Reproduce from the records below, with no pictures, exactly the lines between the one containing "Read Hellseeker screenplay (poster)" and the one containing "purple and white", inclusive.

◆ EXTRACTED MATERIAL:
_____

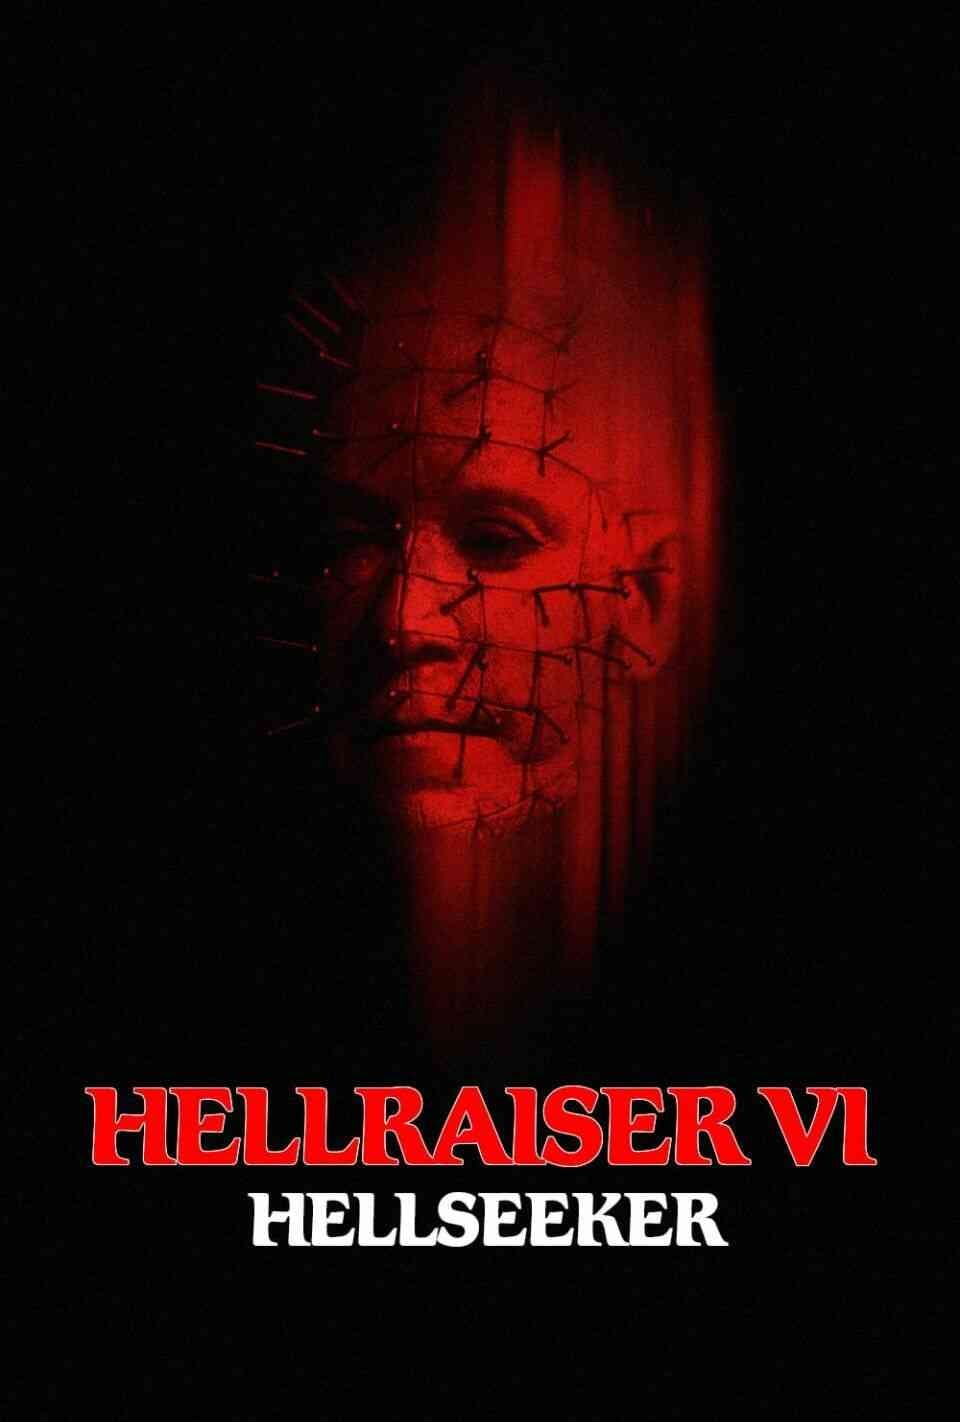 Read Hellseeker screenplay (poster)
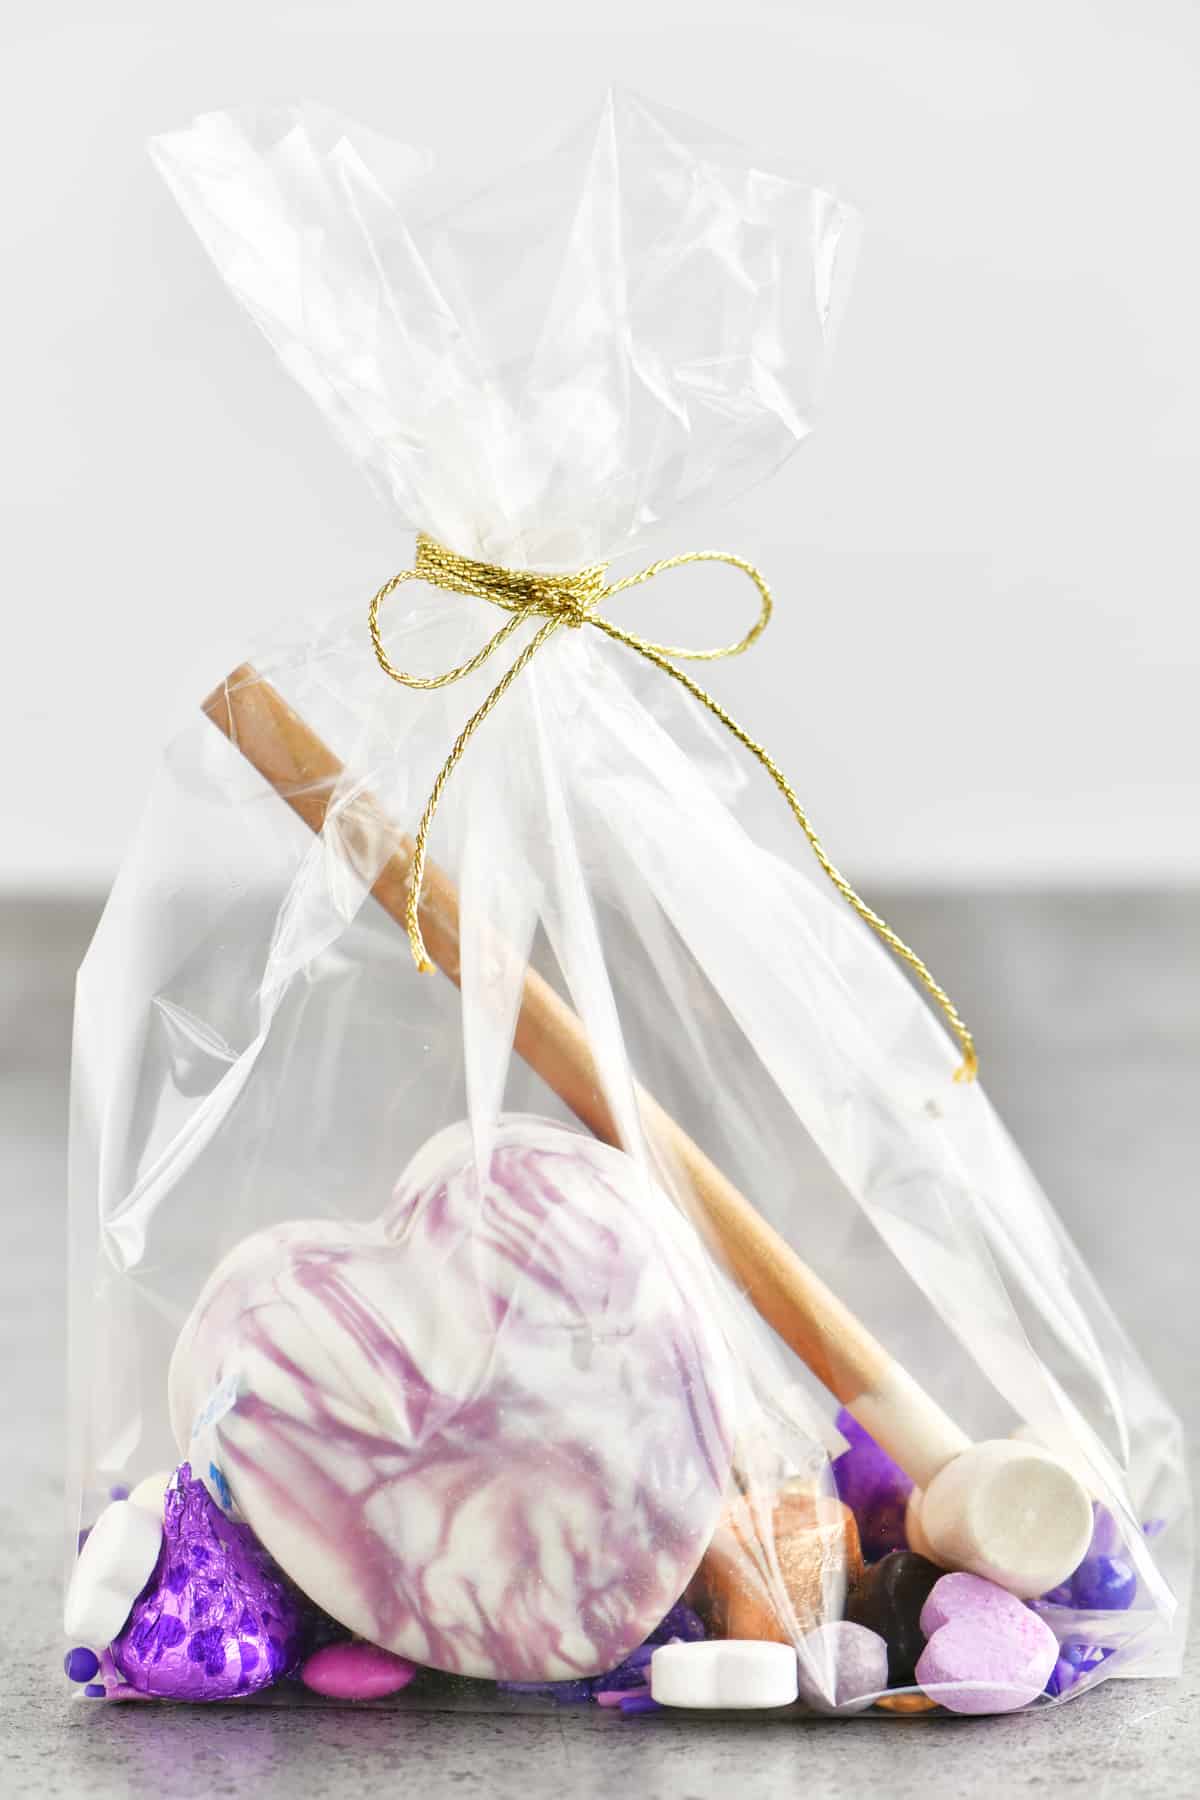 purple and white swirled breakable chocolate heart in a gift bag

_____

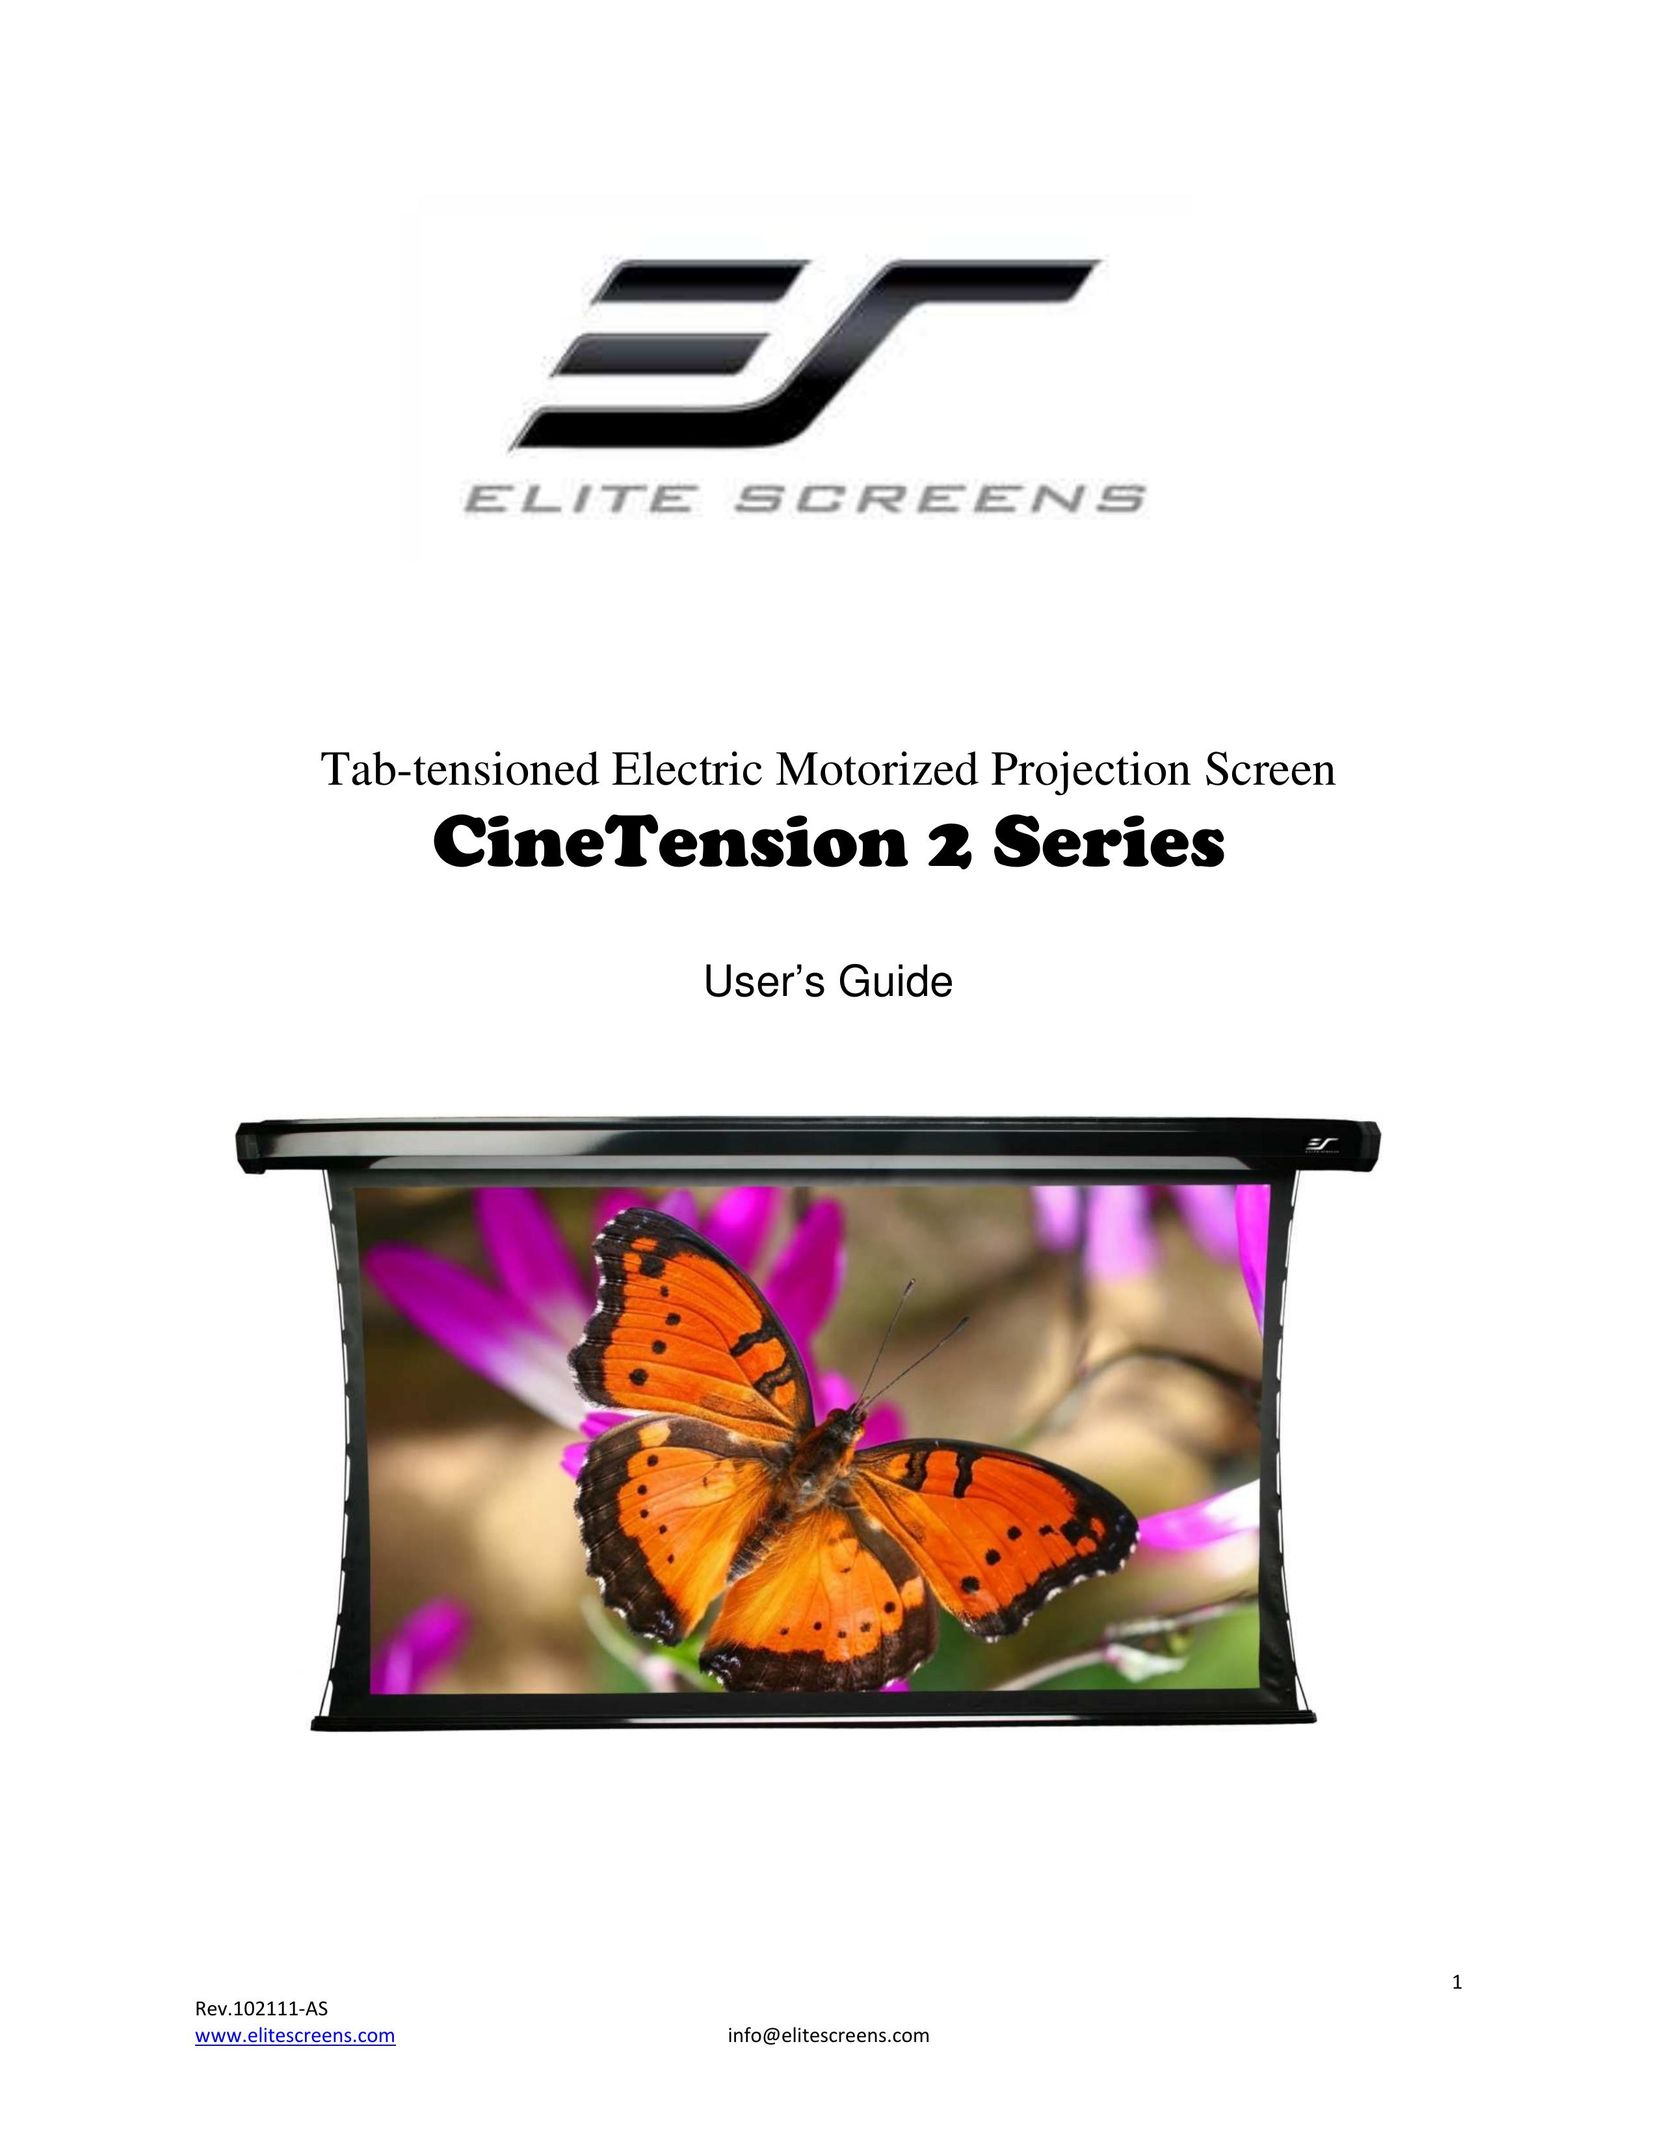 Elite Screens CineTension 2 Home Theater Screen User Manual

_____

◆ RESULT OF THE EXERCISE:
 Read Hellseeker screenplay (poster)
 purple and white swirled breakable chocolate heart in a gift bag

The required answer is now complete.